I have a 94 Ga16de, and want to know what is the highest I can advance timing on my stock motor- running regular Unleaded.


----------



## wes (Apr 30, 2002)

yab13e said:


> I have a 94 Ga16de, and want to know what is the highest I can advance timing on my stock motor- running regular Unleaded.


I wouldn't go over 10 degrees...


----------



## SteppinRazor (Jan 19, 2005)

yea...mine was set at 8* and now its at 10*...don't go over 10* if your gonna keep running reg unleaded


----------



## psuLemon (Apr 23, 2003)

check out www.sentra.net look in the motor section.


----------



## guam_boy00 (Mar 2, 2005)

I believe 8 degrees is maxing out and 4 degrees is to compensate power loss... 
4 degrees won't change anything or wont harm engine timing. but correct me if I'm wrong...


----------



## nissanfan60 (Jun 6, 2005)

well through my knowledge of the ga16 mines is up to 15 degrees but i must run on 93 octane but thats the true power for the ga16 it all depends if you want to run from light to light or long run. if you want long run leave the timing how it is and if you want a light to light race advance it to 15 degrees.


----------



## infazorak (Jun 18, 2005)

nissanfan60 said:


> well through my knowledge of the ga16 mines is up to 15 degrees but i must run on 93 octane but thats the true power for the ga16 it all depends if you want to run from light to light or long run. if you want long run leave the timing how it is and if you want a light to light race advance it to 15 degrees.


Read Mike K's document on Sentra.net. Now, forgive me here folks, but I"m a novice at all this. It's my first car, and I've never done anything more complex on a car than a tune-up. 10 Deg TDC is the proper timing setting for optimal performance.

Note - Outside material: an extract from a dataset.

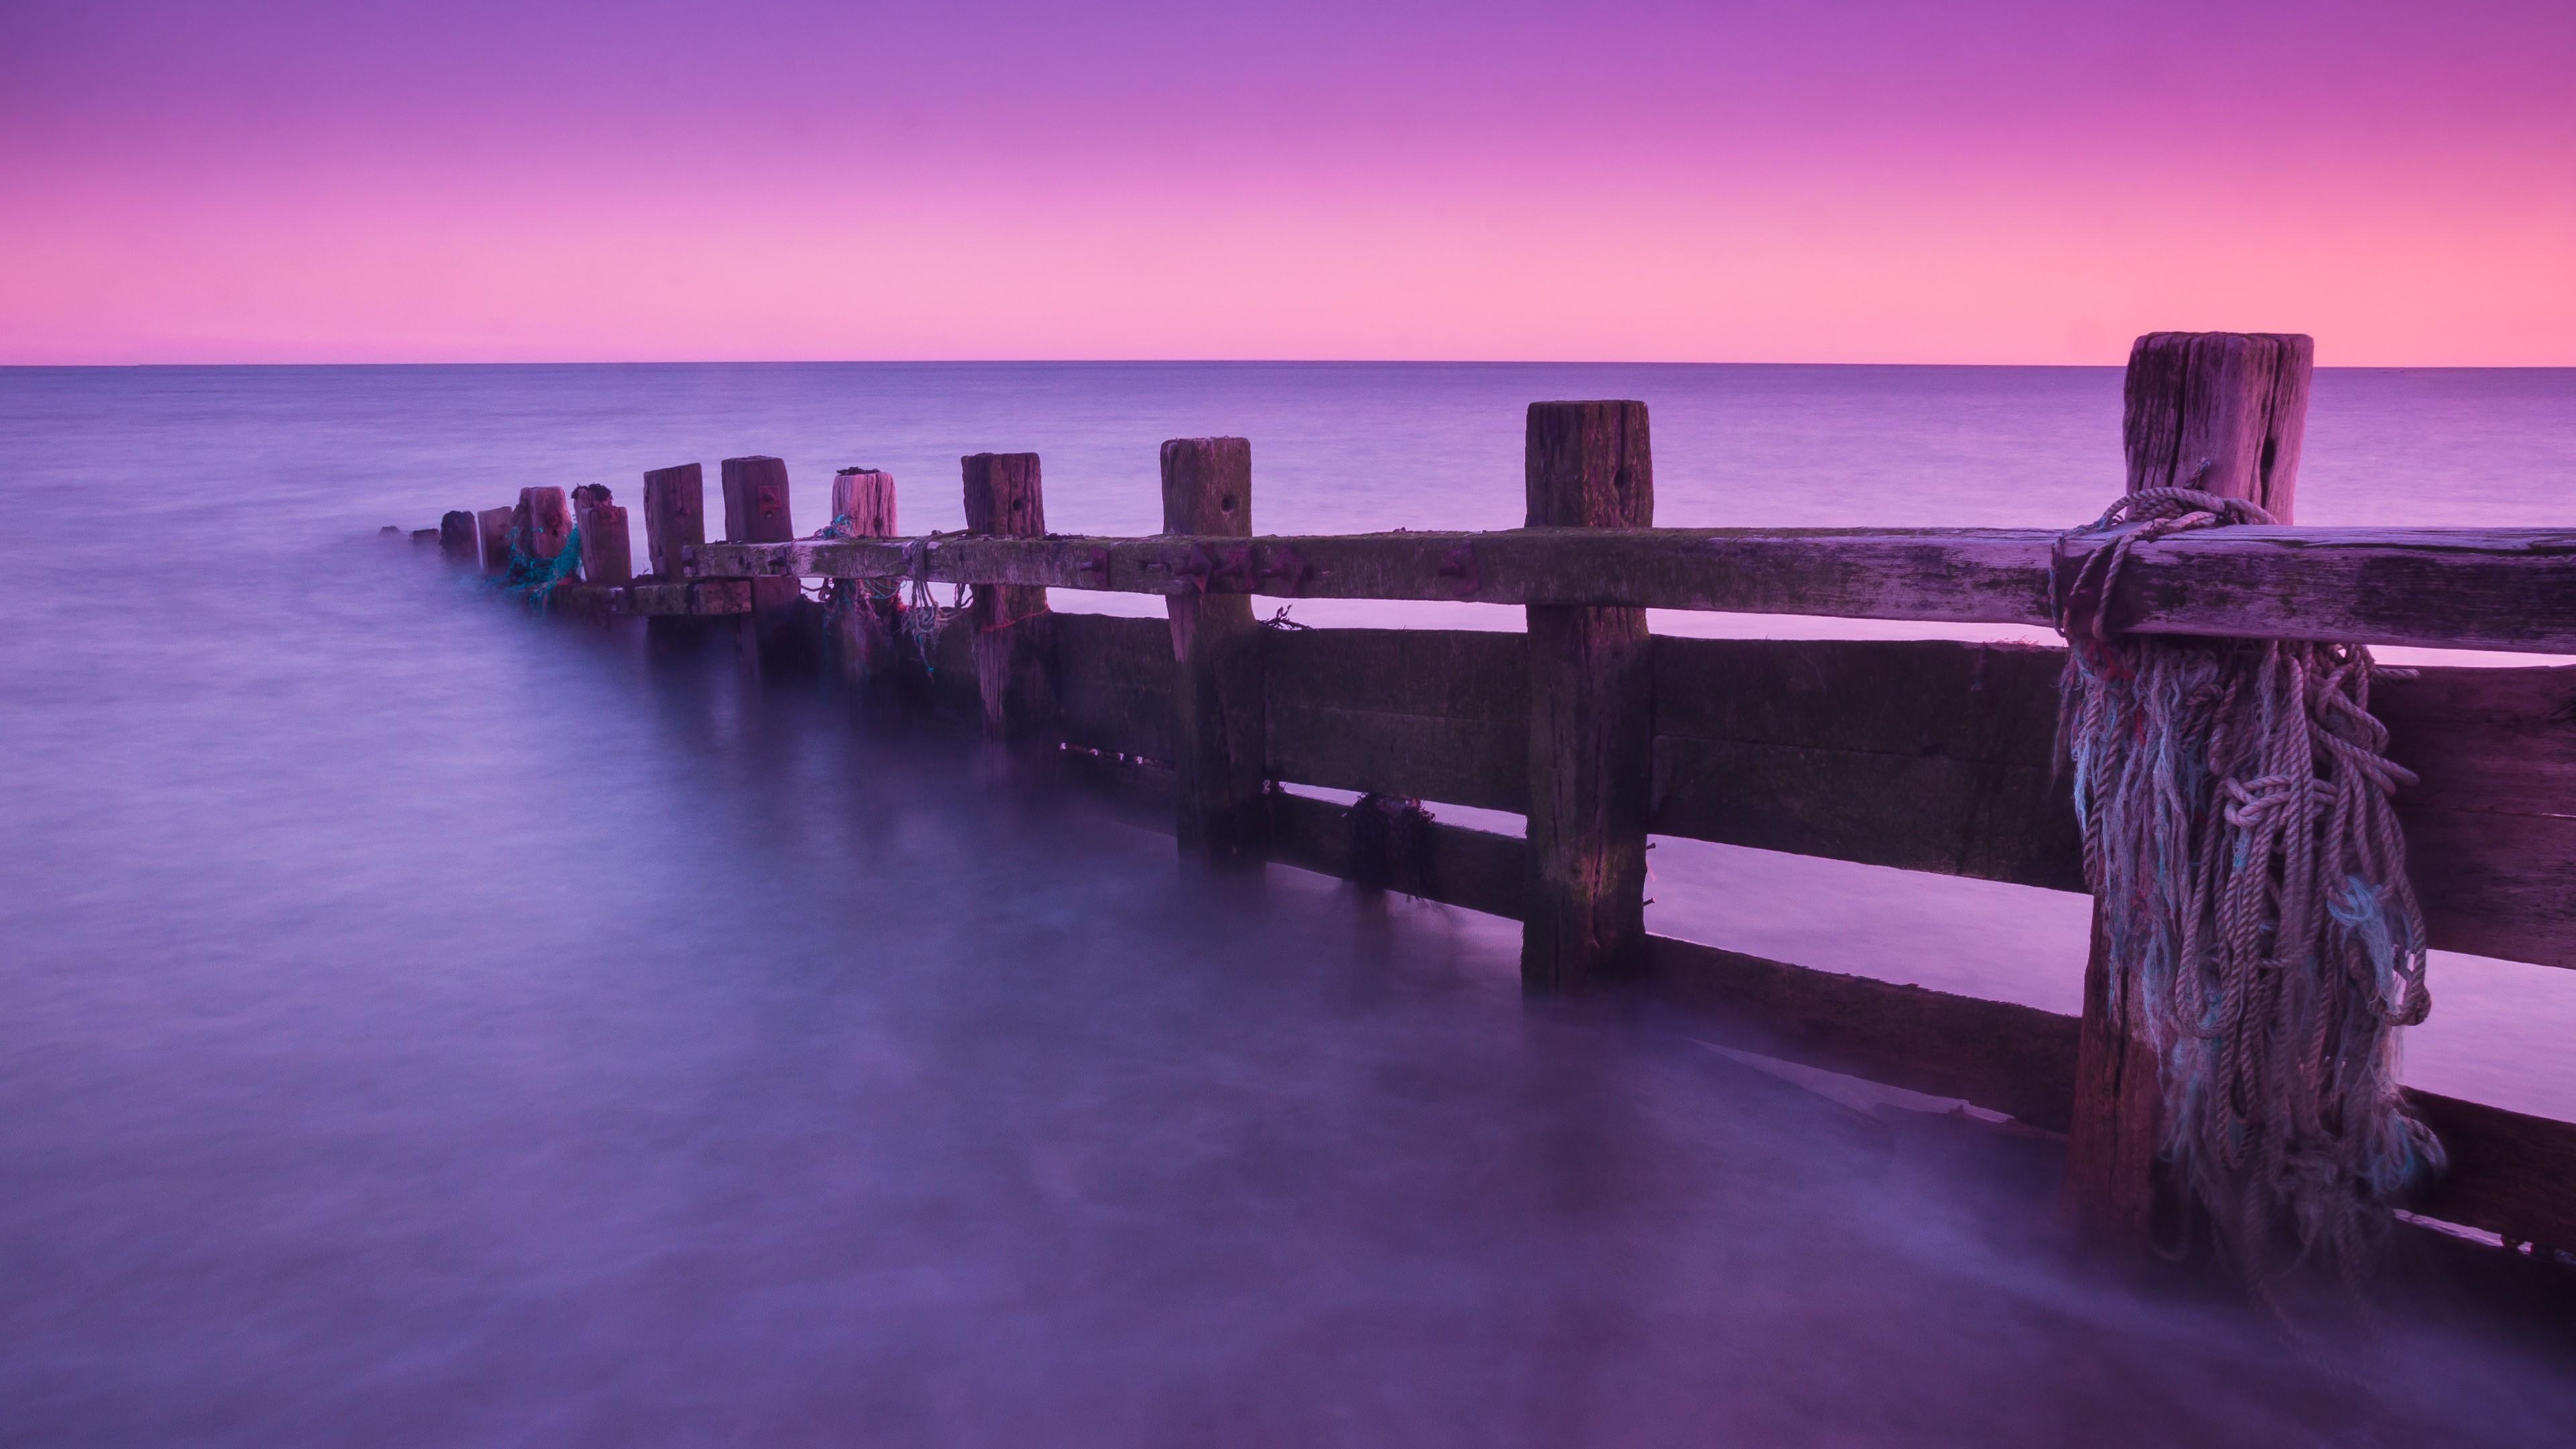 Purple Sunset Over The Sea HD Wallpaper Wallpaper Studio  Tens

To change the timing, is there anything else I need to take into account? Modify the ECU, or anything else like that. Or can I set the timing to 10 deg and be done with it. 

Thanks in advance guys.
*Zorak Out*


----------



## wes (Apr 30, 2002)

infazorak said:


> Read Mike K's document on Sentra.net. Now, forgive me here folks, but I"m a novice at all this. It's my first car, and I've never done anything more complex on a car than a tune-up. 10 Deg TDC is the proper timing setting for optimal performance.
> 
> To change the timing, is there anything else I need to take into account? Modify the ECU, or anything else like that. Or can I set the timing to 10 deg and be done with it.
> 
> ...


Have you read the procedure on how to do this? If not then your question would be answered by reading it. Adjust it according to the FSM procedure and run premium fuel.


----------



## pimpride (Mar 28, 2005)

They only sell 91 octane around these parts. Is that enough to run 15 degrees timing on my GA16DE? Or could I use like and octane booster additive to make it 93?


----------



## wes (Apr 30, 2002)

pimpride said:


> They only sell 91 octane around these parts. Is that enough to run 15 degrees timing on my GA16DE? Or could I use like and octane booster additive to make it 93?


Many of the Cali. people run on 91, you'll have to try it and listen!


----------